Tuesday, June 15, 2010

a new perspective

My teaching endeavors are expanding. Six months back I was a student myself, running down stairs, sketching, designing and then inevitably being rejected by the senior authority of course. Now I am the teacher. I am no longer compelled to meet deadlines neither am I late for class. Of course I have deadlines, but of a different nature. And I am actually enjoying myself. I enjoy working in a school, teaching imparting skills and knowledge I recently acquired myself. The best part about my job is the liberty to teach kids anything I want. The freedom that my employer has given me is a true blessing. So, now here’s the moment where I am deeply perplexed. I want to teach them studio art alongside art history lessons and design principles. I want to show my kids great movies that have left an impact on me. Some brilliant animations and cartoon series. I want to inspire my children to become something. The problem is, most of my students take the class for granted. I have caught them hiding in their classes, doing homework while I thought they were in the bathroom. I guess it’s not their fault. It’s what and how I teach them that makes them like me and my subject.

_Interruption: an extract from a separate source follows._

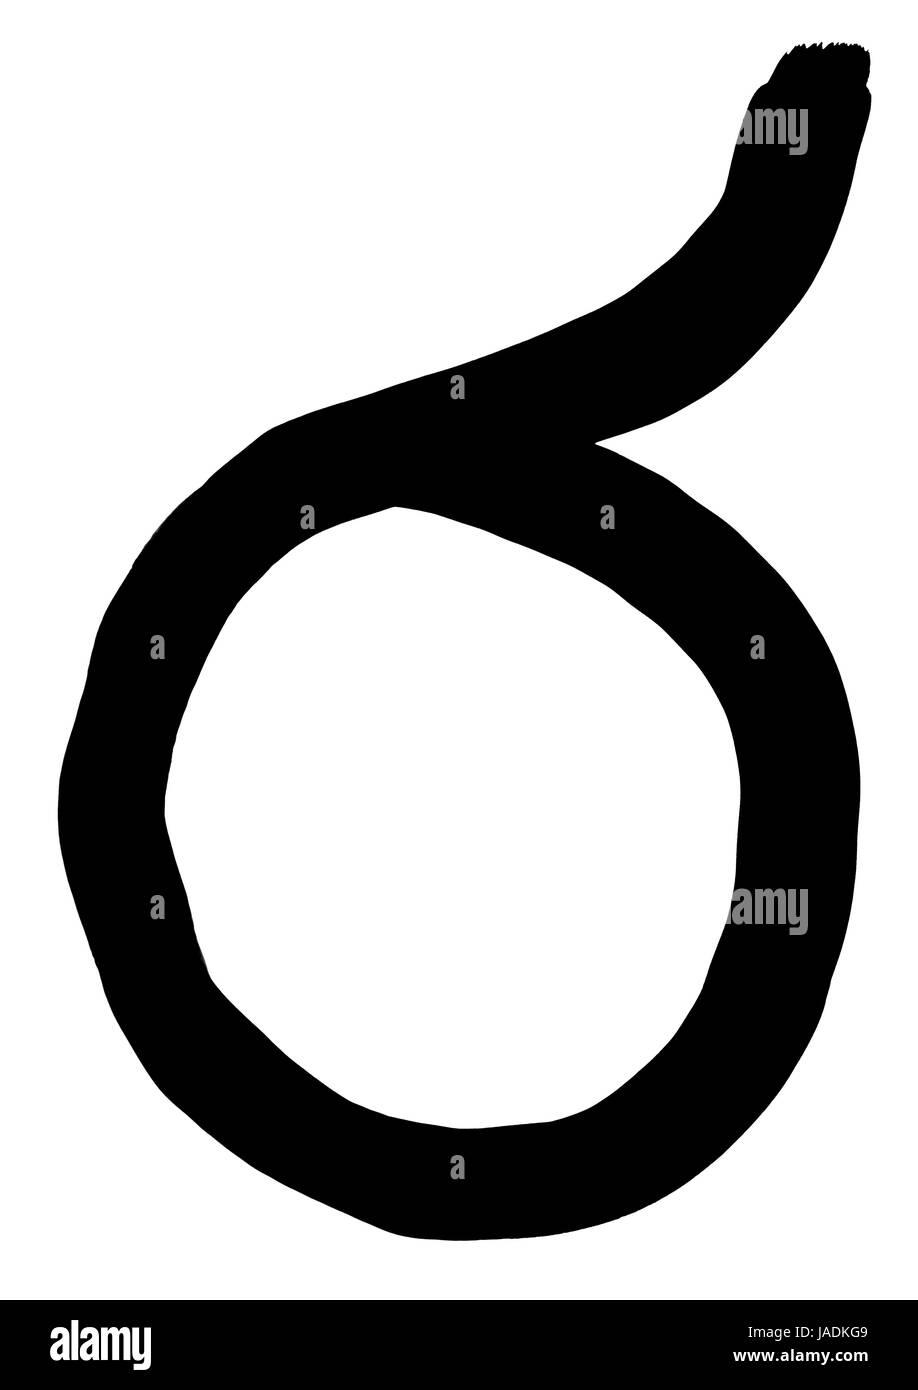 greek letter sigma hand written in black ink on white background

Last semester, I had a student who made problem child look like a saint. He would not listen to me, touch a paper or pencil. He would just sit in class and laugh with his friends. My first month of teaching and being new to the field, I lost my temper with him. I threw him out. Next time I isolated him from his friends. Third time I forced him to draw. With my behaviour, I saw his attitude becoming worse every week. I was angry, hurt and mostly confused. I just didn’t know how to control him. I decided to seek help and went to the learning skills program head to consult about the boy. That day I learnt a lot. I learnt how he had symptoms of dyslexia and was behind most of his classmates. He couldn’t write well and was being tutored by the school’s special learning program instructors. She told me how he craved attention because he didn’t get any at home.

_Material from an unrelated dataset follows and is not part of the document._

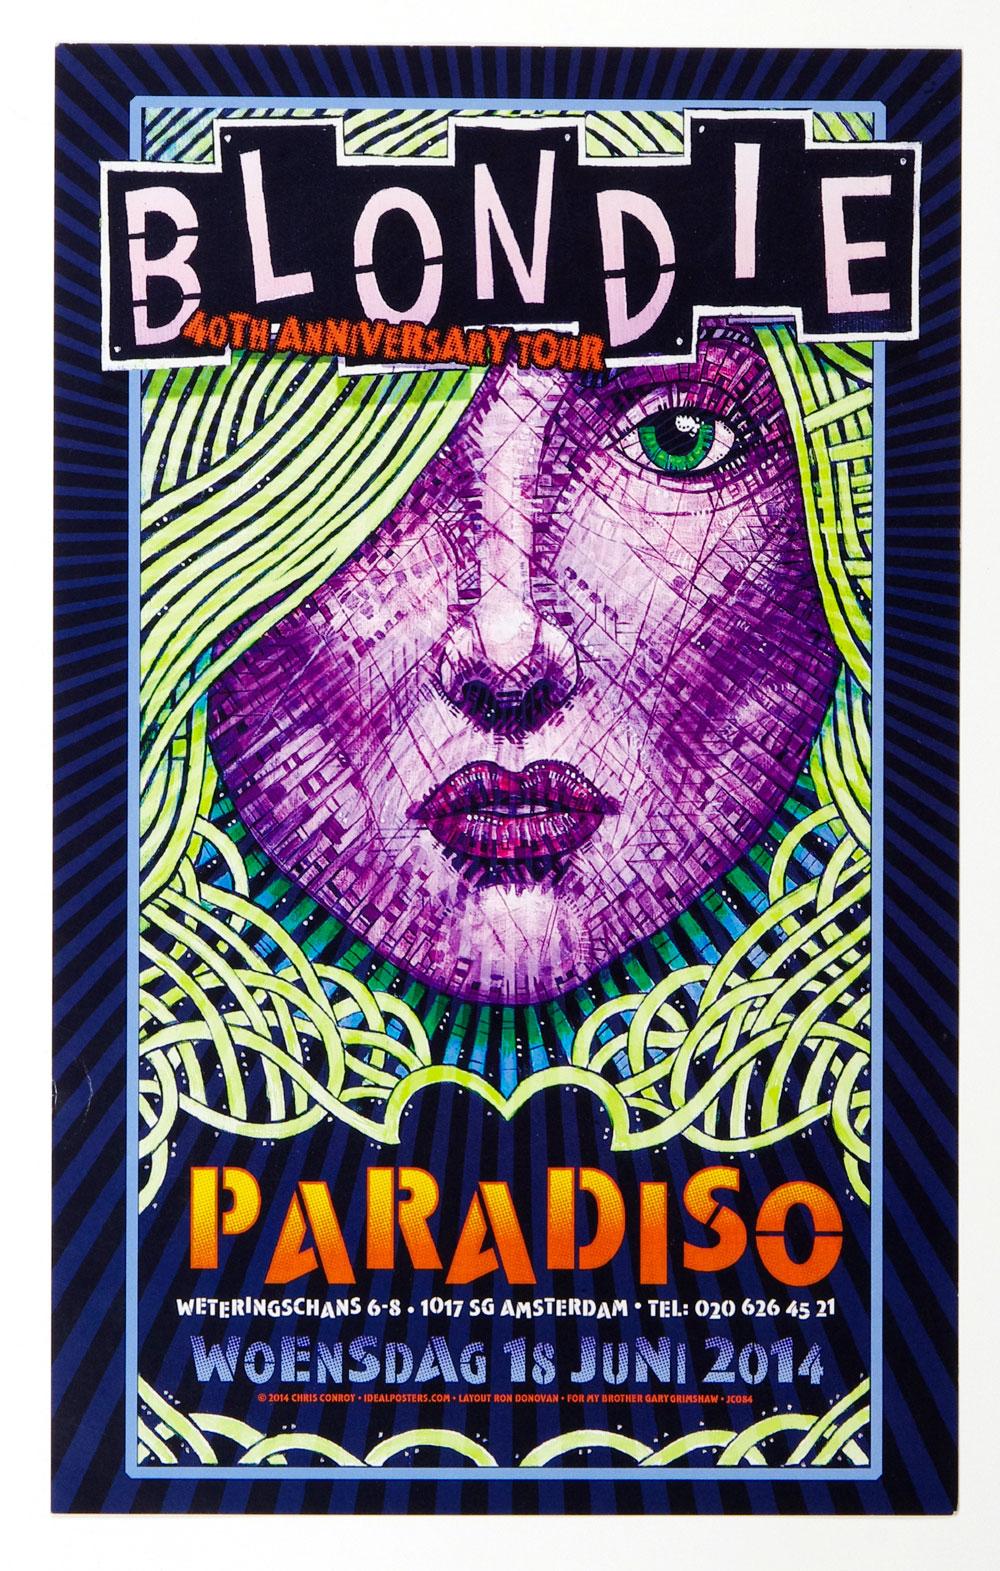 Blondie Poster 2014 Jun 18 Paradiso Amsterdam Netherlands

Feeling sorry him wouldn’t have helped him. I decided to give him the attention he desired. You know, by talking to students privately about their behavior can really help them sometimes. I asked him why he misbehaved and didn’t do any work. I told him I would let him sit with this friends as long as did something in my class. I knew he wasn’t capable of producing quality work so I gave him something he was comfortable with. And most of all, I let him be. And I realized that’s exactly what he really wanted. After that day, I never pushed or scolded him. Surprisingly, he never gave me any trouble. Every week, he sat happily with his friends and worked on a collage, sticking pieces of paper he had coloured himself. Maybe it wasn’t therapeutic, but it was definitely comforting for the child. I also learnt that almost every teacher disliked him and threw him out of their class. I knew then the reason for his misbehaviour. He knew the teachers didn’t respect him and that provoked him to further mischief. I am not sure if I won his respect but I did win a silent trust or maybe approval. I knew he didn’t enjoy my subject, but his giving in and making an effort was good enough for me. Next semester, I won’t be teaching him but I’ll definitely see him around. And I hope I’ll be able to help him more just like he helped me to see things from a different perspective.